The forgotten hero of the gay rights movement

"Peter was a very brave man. Had it not been for his actions, then homosexuality might not have been legalised when it was."

Stephen Griffiths, Senior Lecturer in Film, Television and Radio Studies

To mark LGBT history month, a Staffordshire University lecturer is celebrating the life of gay rights activist Peter Wildeblood who played a pivotal role in the decriminalisation of homosexuality.

Stephen Griffiths, Senior Lecturer in Film, Television and Radio Studies, is co-chair of Staffordshire University's LGBT Staff Network and has done extensive research into the life of Peter Wildeblood, his contribution to getting the law changed and his subsequent work in television.

In 1954 Peter, a successful journalist, was the first person since Oscar Wilde to plead guilty to charges of homosexuality in a court of law during the ‘Montagu trial’ which involved the high profile peer politician and founder of the National Motor Museum Lord Montagu.

Stephen explained: “It was a witch-hunt really against Montagu. The aim of this case was to convict well-known figures as a warning to the public. However the mood was changing at this time and a lot of people felt sorry for these men.”

All those trialled received prison sentences and on his release Peter wrote the book, Against the Law, which documented his experiences during and after the case. The book was used as evidence in the Wolfenden report of 1957, which played a key role leading up to the legalisation of homosexuality in England and Wales a decade later. He was also interviewed as one of the witnesses for the report.

50 years on Stephen believes it is time that Peter received the recognition that he deserves. He said: “Peter was a very brave man. Had it not been for his actions, then homosexuality might not have been legalised when it was.
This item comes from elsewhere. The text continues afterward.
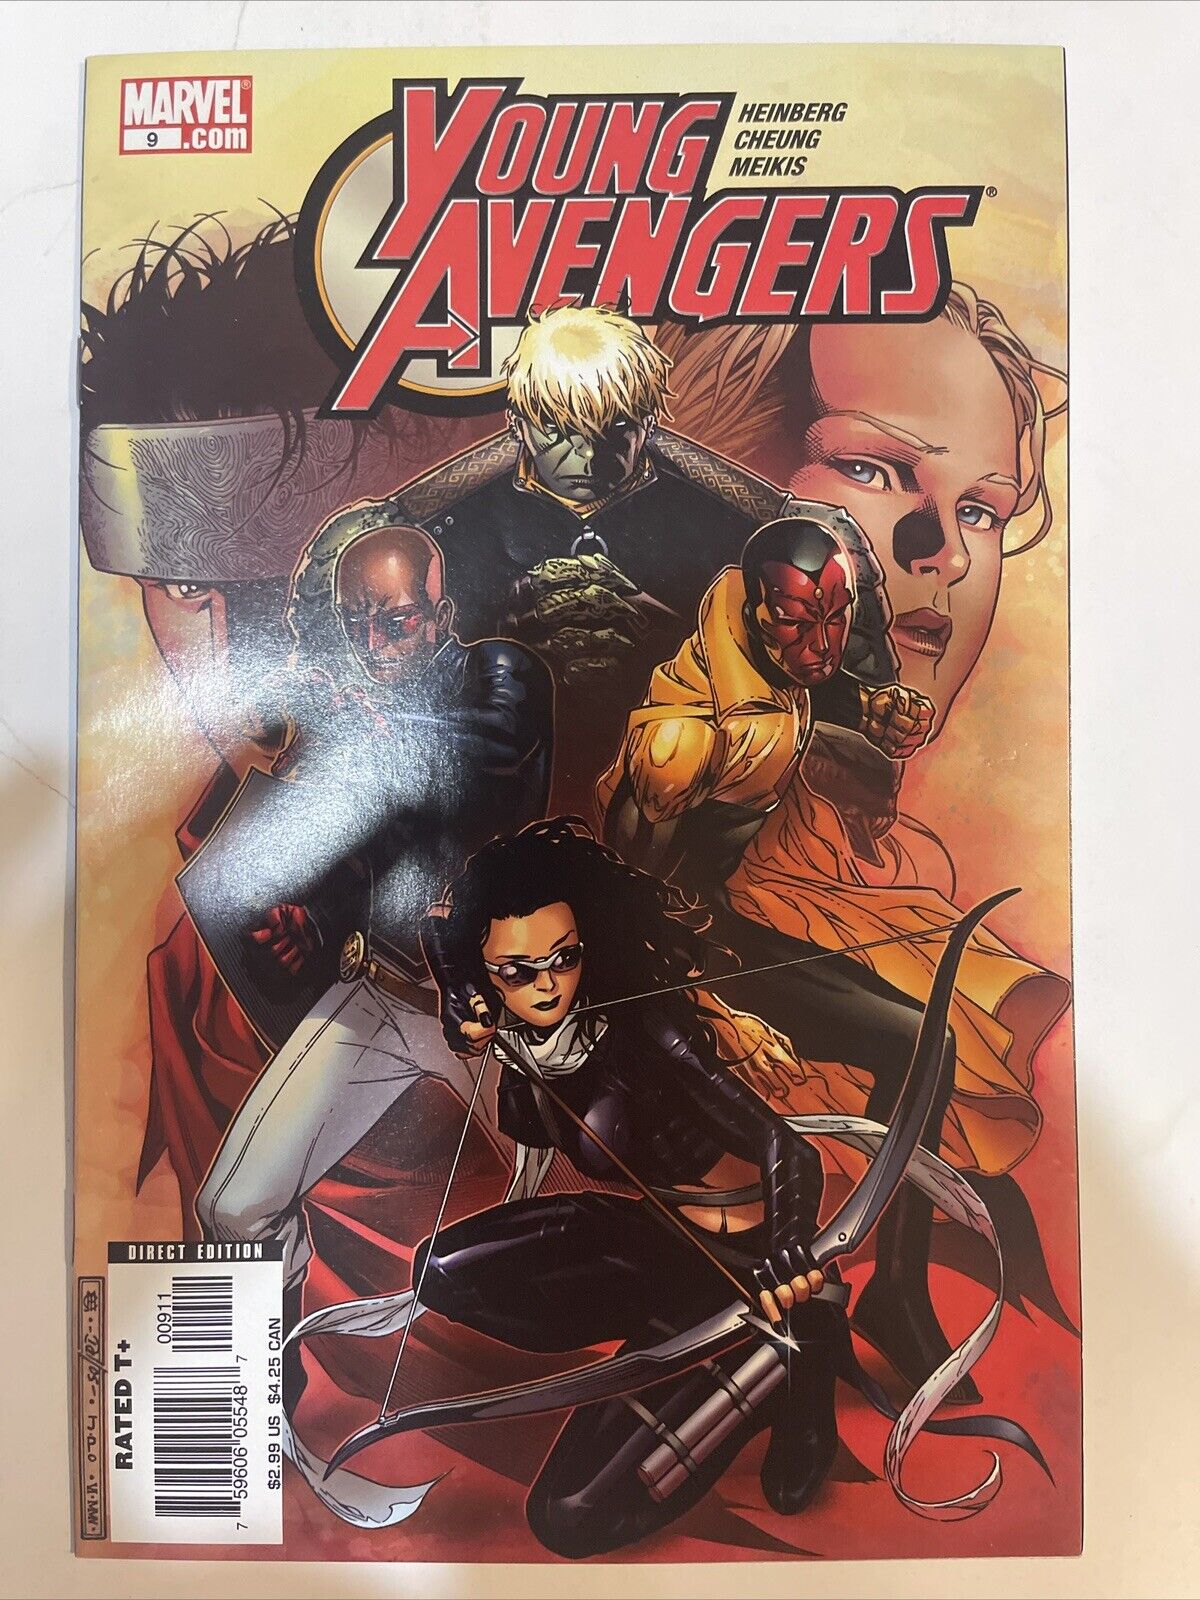 Young Avengers # 9 - 1st Kate Bishop as Hawkeye cover NM/VF Marvel 2005 Hot Key

“Peter was as important to the gay rights movement as Martin Luther King was in fighting for the rights of black people but most of us, even those within the gay community, are unaware of him.”
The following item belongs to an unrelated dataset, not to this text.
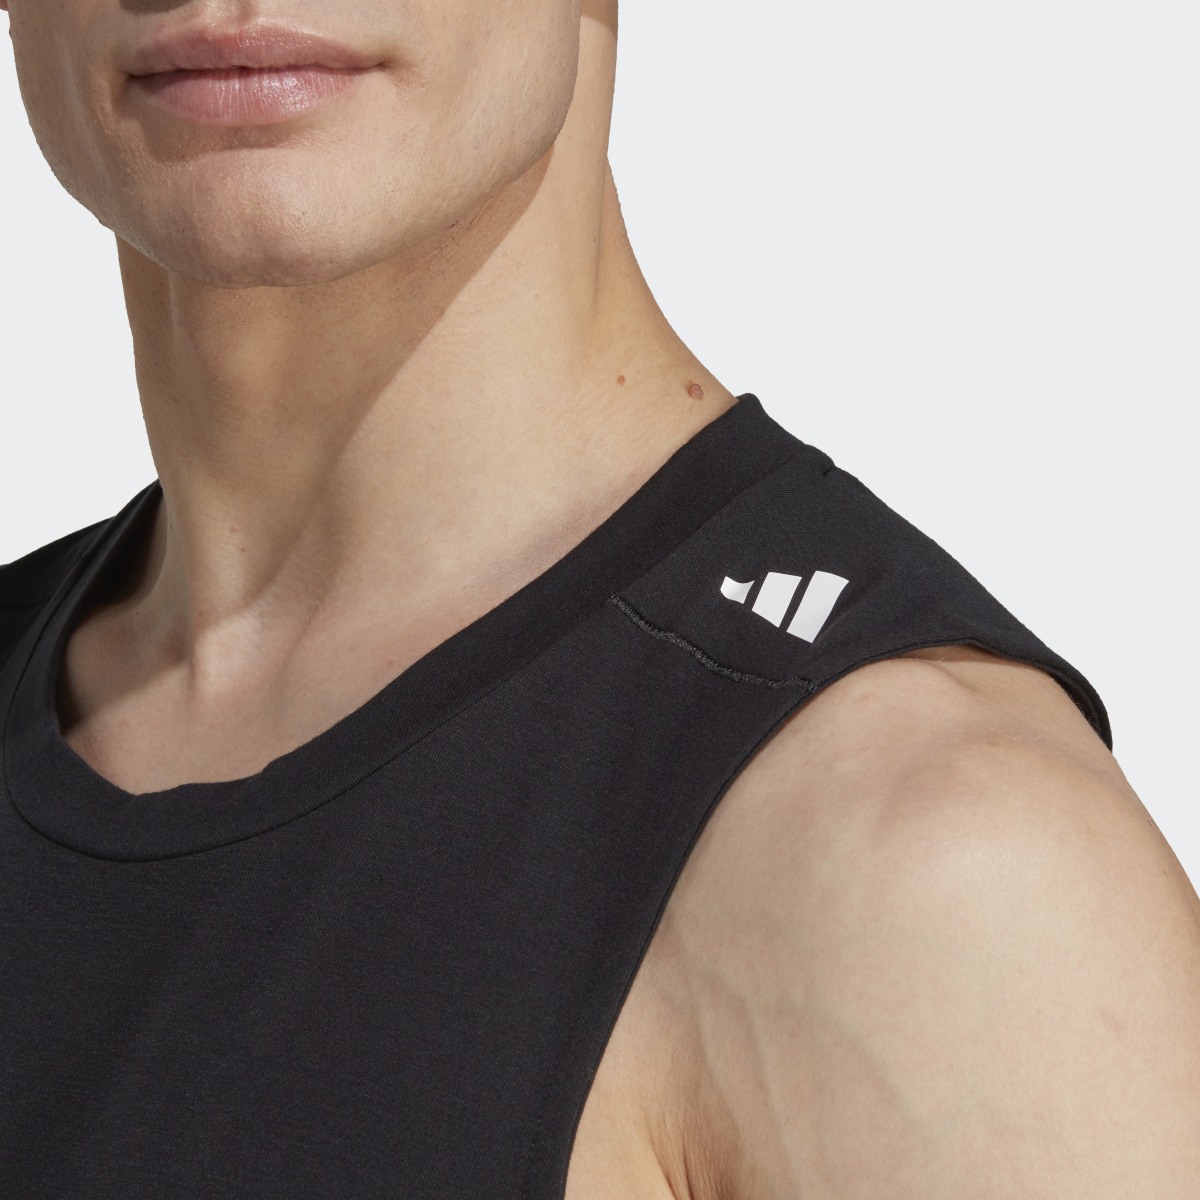 Adidas Designed for Training Workout Tank Top. 6

Stephen will deliver a free public talk about Peter's life on Tuesday 21 February at an event hosted by Keele Communities Together and the LGBT Staff Network.

He is one of three speakers and Stephen will also display some of Peter Wildeblood's original letters from his own collection of gay history memorabilia.

The event '50 Years Since Decriminalisation' takes place at Keele Hall on Tuesday 21 February from 5pm. Find more information here.

A drama adaptation of the book Against the Law will be shown on the BBC later this year.